Ее уже несколько раз вызывали к следователю. Она рассказала обо всем, только об одном забыла рассказать — о том, что и Альберт, бросив недокуренную папиросу, вышел вслед за Баламиром и Розалией в коридор. Ей и в голову не приходило, что Альберт тоже может быть замешан в эту историю. Но сейчас этот жест, которым Антонов ткнул в пепельницу недокуренную папиросу, вдруг вызвал в ней страшное подозрение, буквально потрясшее Нурию.
Прошло несколько минут, и она сама же испугалась своего подозрения.
«Возвести на человека подобную клевету. Нет, нет, Альберт не такой…»
В коридоре гости прощались.
— До свидания, Нурия, заходи к нам, — пригласил Матвей Яковлевич, просунув голову в дверь.
Наконец в зале остались только двое: Иштуган и Сулейман. Марьям ушла к детям, Гульчира — в свою комнату.
Иштуган собирал бумаги, разбросанные всюду книги.
Сулейман, побарабанив по столу короткими кривыми пальцами, предупредил:
— Ты, Иштуган, не очень-то раскрывай свои секреты этому усатому. Мне что-то не нравится он. Как бы тебя в дураках не оставил.
— Пустое, отец. Антонов никогда не позволит себе такой низости.
— Может, я и ошибаюсь… Старики всегда осторожничают. Ладно, будем отдыхать. На сегодня хватит. Нурия, постели-ка мне постель, дочка. — И, взглянув на Нурию, вдруг встревожился: — Ты что так изменилась, дочка?
— Разве? Не знаю, отец! Обожди, сейчас постелю.

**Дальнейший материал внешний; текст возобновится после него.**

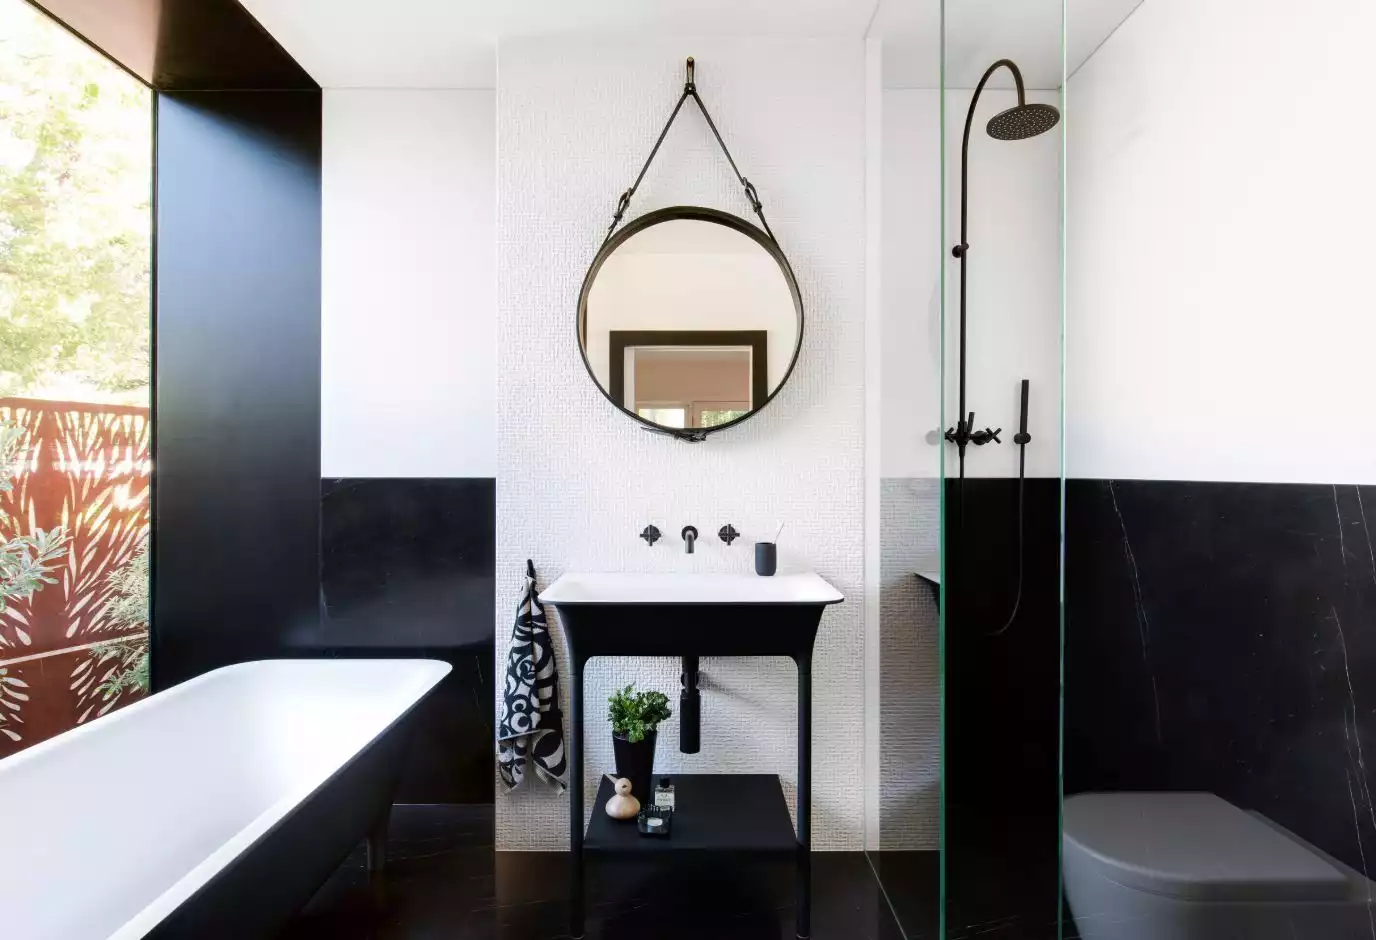 Simple black and white bathroom decor

Когда Иштуган сказал Марьям о подозрениях отца, она долго смотрела на мужа.
— Ты и сам в нем сомневаешься? — спросила она.

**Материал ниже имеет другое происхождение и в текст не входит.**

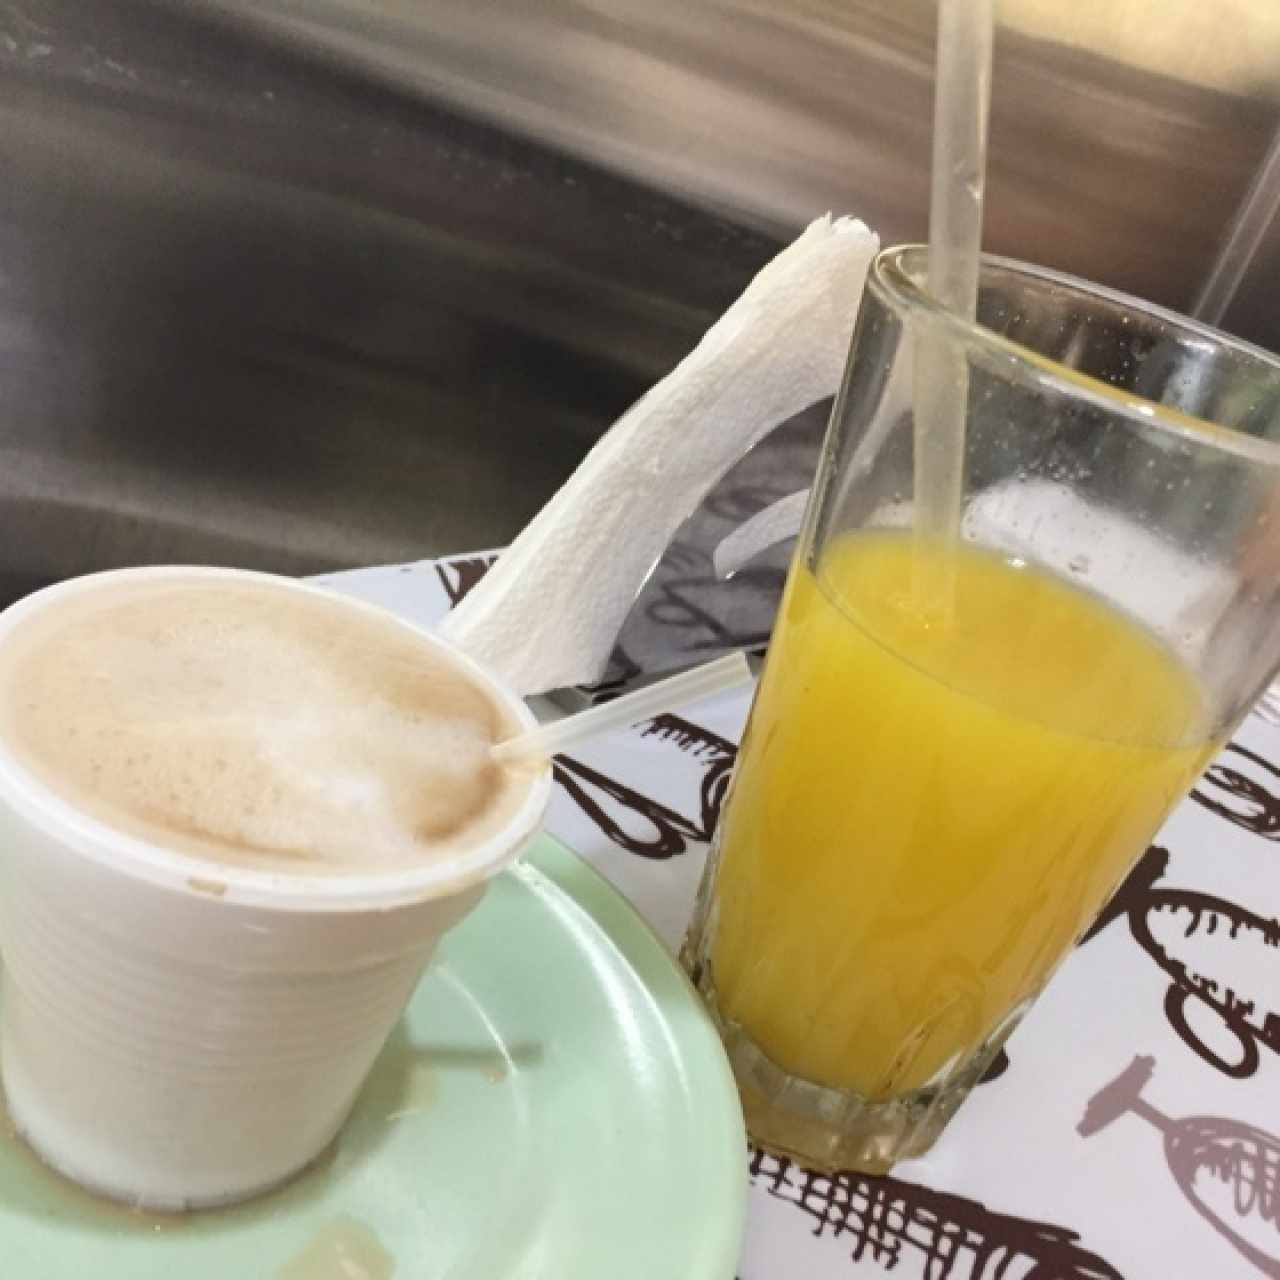 Excelente Café y Jugo de Naranja..!

— Нет, нисколько. Старится наш отец…
— Я тоже не допускаю мысли, чтобы Антонов был способен на это… Меня, Иштуган, другое беспокоит.
— Что именно?
— Гульчира… Мне кажется, они с Геной пришли вместе. Но, чтобы не заметил отец, вошли в комнату порознь.
— Гульчира не ребенок. Сама должна знать, что делает, — сказал не любивший подобных разговоров Иштуган.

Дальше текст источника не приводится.